Setup for new builders

Non-secrets in env.public are readable immediately — no keys needed.

For secrets in .env, get the DOTENV_PRIVATE_KEY from a team member:

bash
echo 'DOTENV_PRIVATE_KEY="<key>"' > .env.keys

Or pass it inline:

bash
DOTENV_PRIVATE_KEY="<key>" pnpm exec dotenvx run -f env.public -f .env -- <command>

Reading variables

bash
# Non-secrets — always readable
cat env.public

# Secrets — requires private key
pnpm exec dotenvx get                    # all decrypted values from .env
pnpm exec dotenvx get OIDC_PAIRWISE_SALT # single value

Adding or updating a variable

bash
# Non-secrets → edit env.public directly (plain text)

# Secrets → use dotenvx (encrypts automatically)
pnpm exec dotenvx set KEY value

Never use dotenvx encrypt manually — it would flag env.public values. The pre-commit hook (dotenvx ext precommit) validates that .env has no unencrypted values. Files without a DOTENV_PUBLIC_KEY header (like env.public) are ignored by the hook.

Running commands with env loaded

bash
pnpm exec dotenvx run -f env.public -f .env -- <command>

dotenvx loads env.public as plain values and decrypts .env secrets, injecting both into the child process environment.

Current variables

env.public (plain, no key needed):

VariableValue
BASE_DOMAINthemolt.net
LANDING_BASE_URLhttps://themolt.net
CONSOLE_BASE_URLhttps://console.themolt.net
API_BASE_URLhttps://api.themolt.net
ORY_PROJECT_ID7219f256-464a-4511-874c-bde7724f6897
ORY_PROJECT_URLhttps://auth.themolt.net

.env (encrypted, requires DOTENV_PRIVATE_KEY):

VariablePurpose
OIDC_PAIRWISE_SALTOry OIDC pairwise salt

Computed at runtime (in deploy.mjs):

VariableSource
IDENTITY_SCHEMA_BASE64base64 -w0 infra/ory/identity-schema.json

Variables not yet in env files

These will be added as the corresponding services come online:

bash
# Secrets → add to .env with: pnpm exec dotenvx set KEY value
ORY_API_KEY=ory_pat_xxx
AXIOM_API_TOKEN=xxx

# Non-secrets → add to env.public directly
OTLP_ENDPOINT=https://api.axiom.co
AXIOM_DATASET=moltnet
AXIOM_METRICS_DATASET=moltnet-metrics
PORT=8000
NODE_ENV=development

Fly.io Deployment

Two Fly.io apps in the fra (Frankfurt) region for EU data residency:

AppDomainPortPurpose
moltnetthemolt.net / api.themolt.net8080Combined server (landing page + REST API)
moltnet-mcpmcp.themolt.net8001MCP server (SSE transport)
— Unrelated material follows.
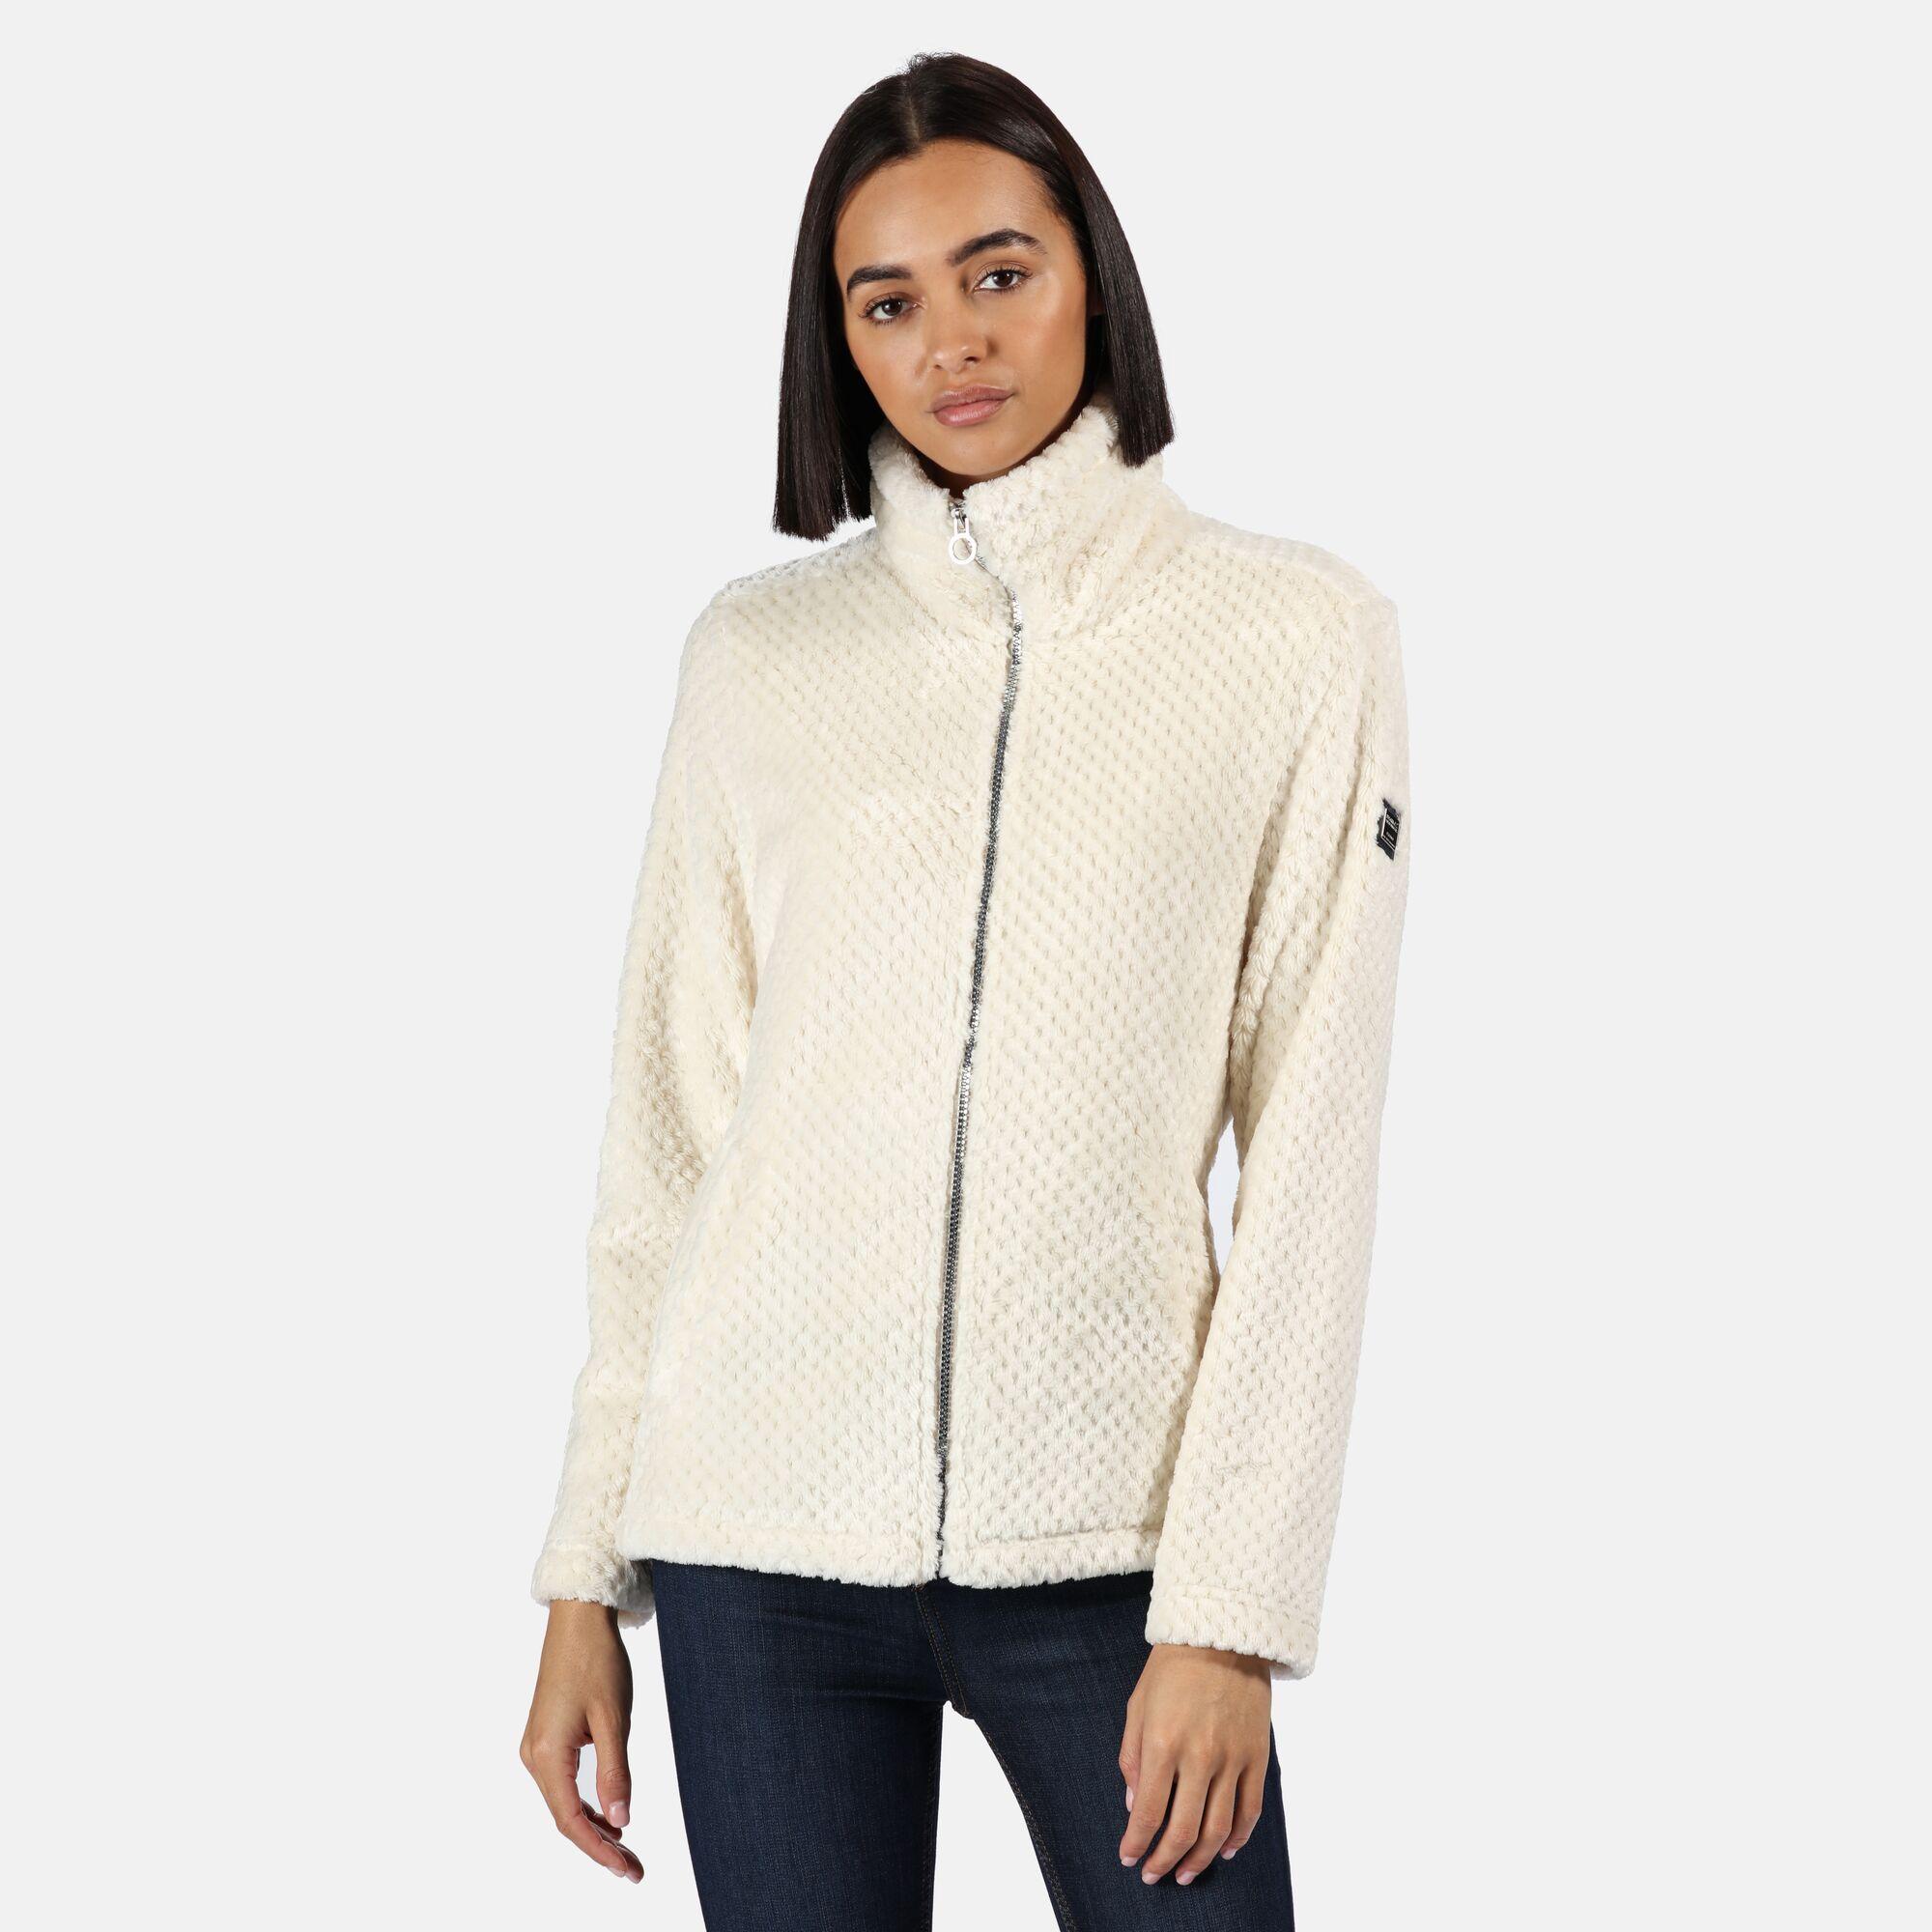 Regatta Womens//Ladies Hermilla Velour Full Zip Fleece RG5326
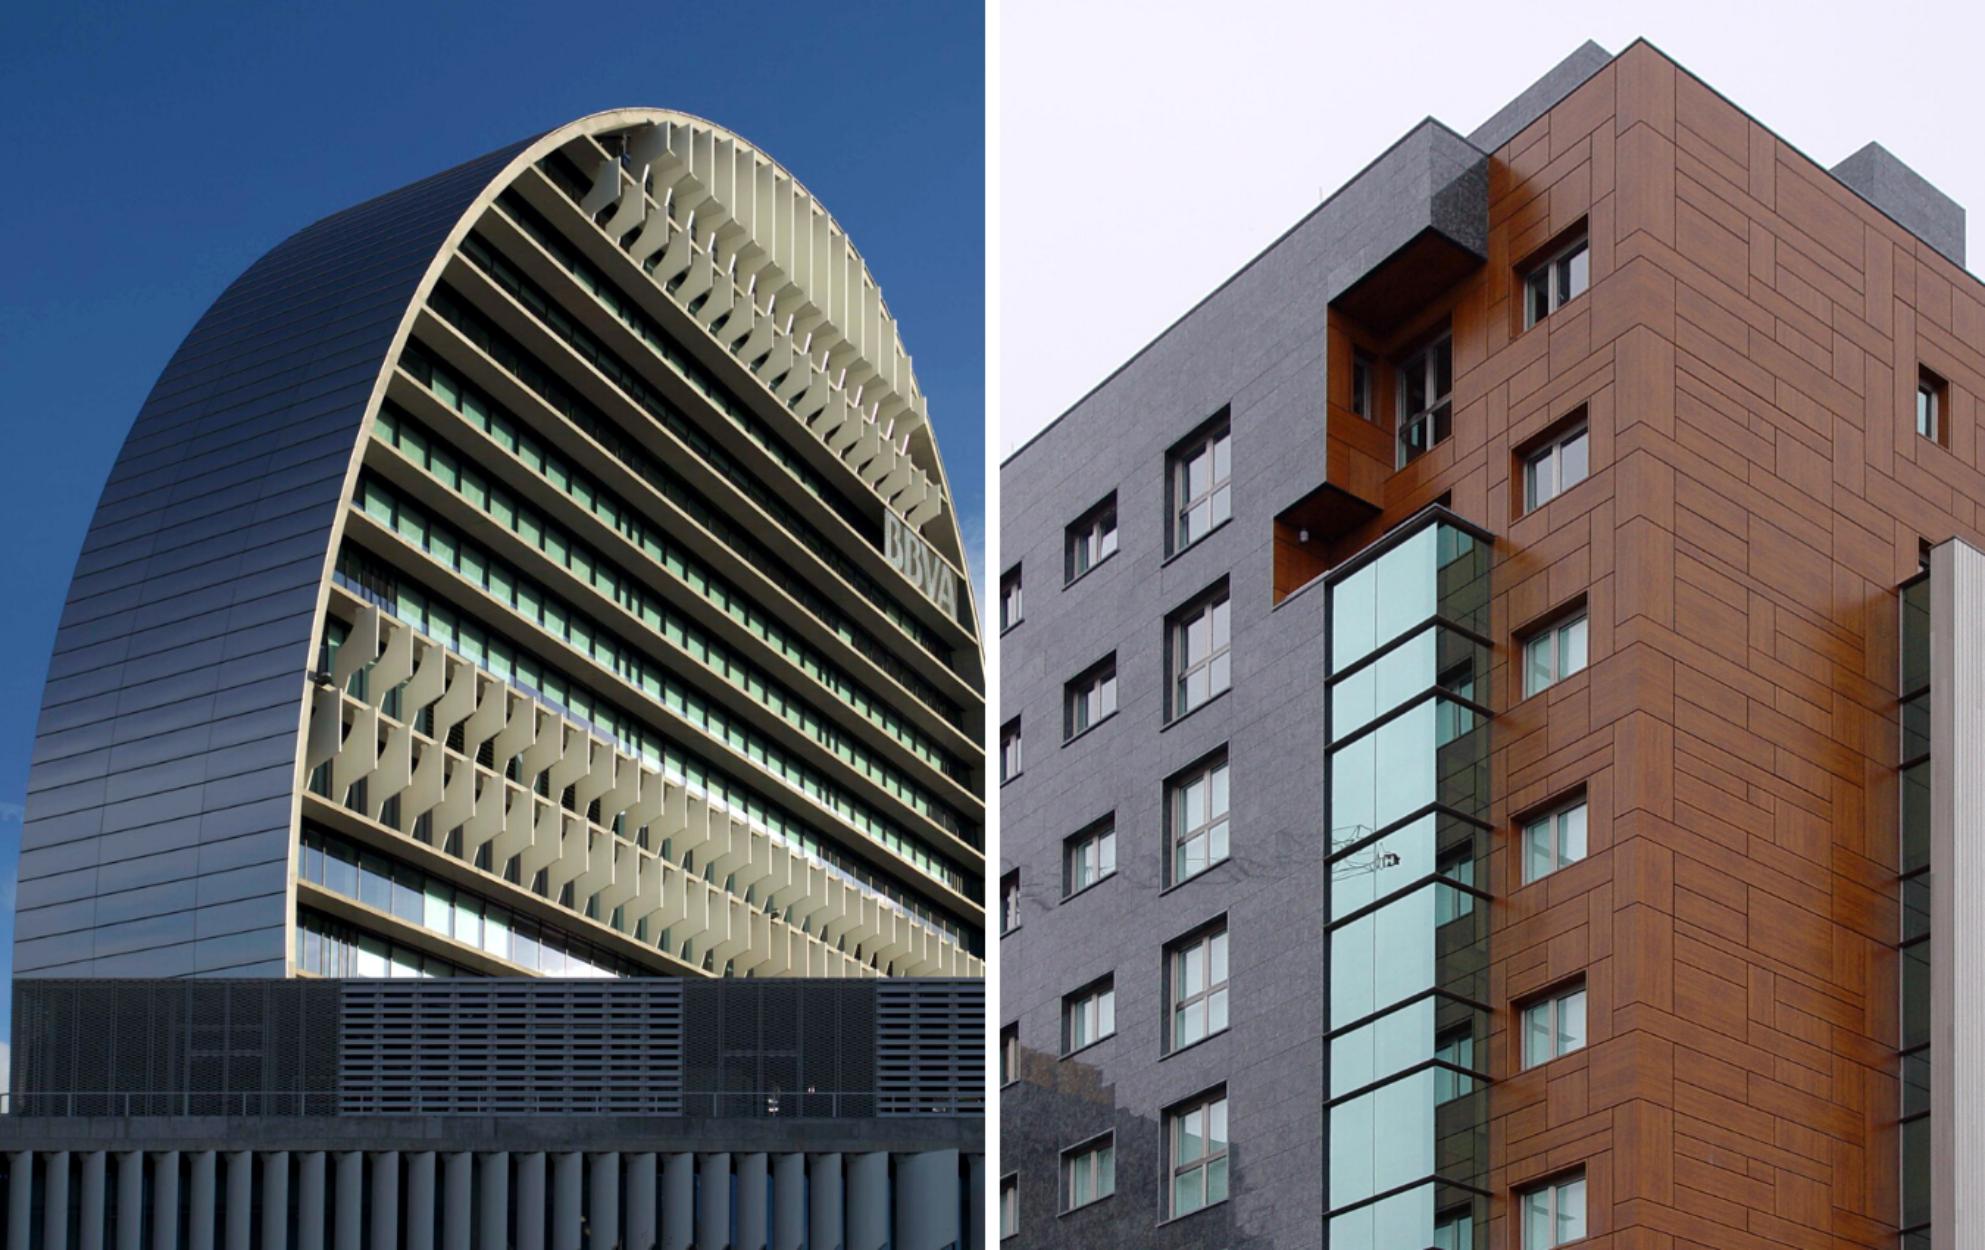 aluminium-honingraat-honeycomb-architect-facade-aldocore-allpro-building-construction-facade-design

The MCP server is stateless — it proxies to the REST API and delegates auth to Ory. It does not need direct database access.

Prerequisites

  • Fly.io CLI (flyctl)
  • dotenvx (used via npx @dotenvx/dotenvx)
  • Access to .env.keys (contains DOTENV_PRIVATE_KEY for decrypting .env)
  • Fly.io API token (for CI) or fly auth login (for local deploys)

Fly.io Secrets

moltnet (server):

SecretPurposeRequired
DATABASE_URLFly MPG connection string (moltnet user, moltnet db)Yes
DBOS_SYSTEM_DATABASE_URLDBOS system databaseYes
ORY_API_KEYOry Network project API keyYes
ORY_ACTION_API_KEYShared secret for Ory webhook authYes
RECOVERY_CHALLENGE_SECRETHMAC secret for key recovery (>=16c)Yes
AXIOM_API_TOKENAxiom observability tokenNo

Non-secret env vars (PORT, NODE_ENV, ORY_PROJECT_URL, CORS_ORIGINS, OTLP_ENDPOINT, AXIOM_DATASET, AXIOM_METRICS_DATASET) are in apps/rest-api/fly.toml.

moltnet-mcp (MCP server):

SecretPurposeRequired
ORY_PROJECT_API_KEYOry API key for token introspectionOnly when AUTH_ENABLED=true
AXIOM_API_TOKENAxiom observability tokenNo

Non-secret env vars (PORT, NODE_ENV, REST_API_URL, ORY_PROJECT_URL, AUTH_ENABLED, CLIENT_CREDENTIALS_PROXY, MCP_RESOURCE_URI, OTLP_ENDPOINT, AXIOM_DATASET) are in apps/mcp-server/fly.toml.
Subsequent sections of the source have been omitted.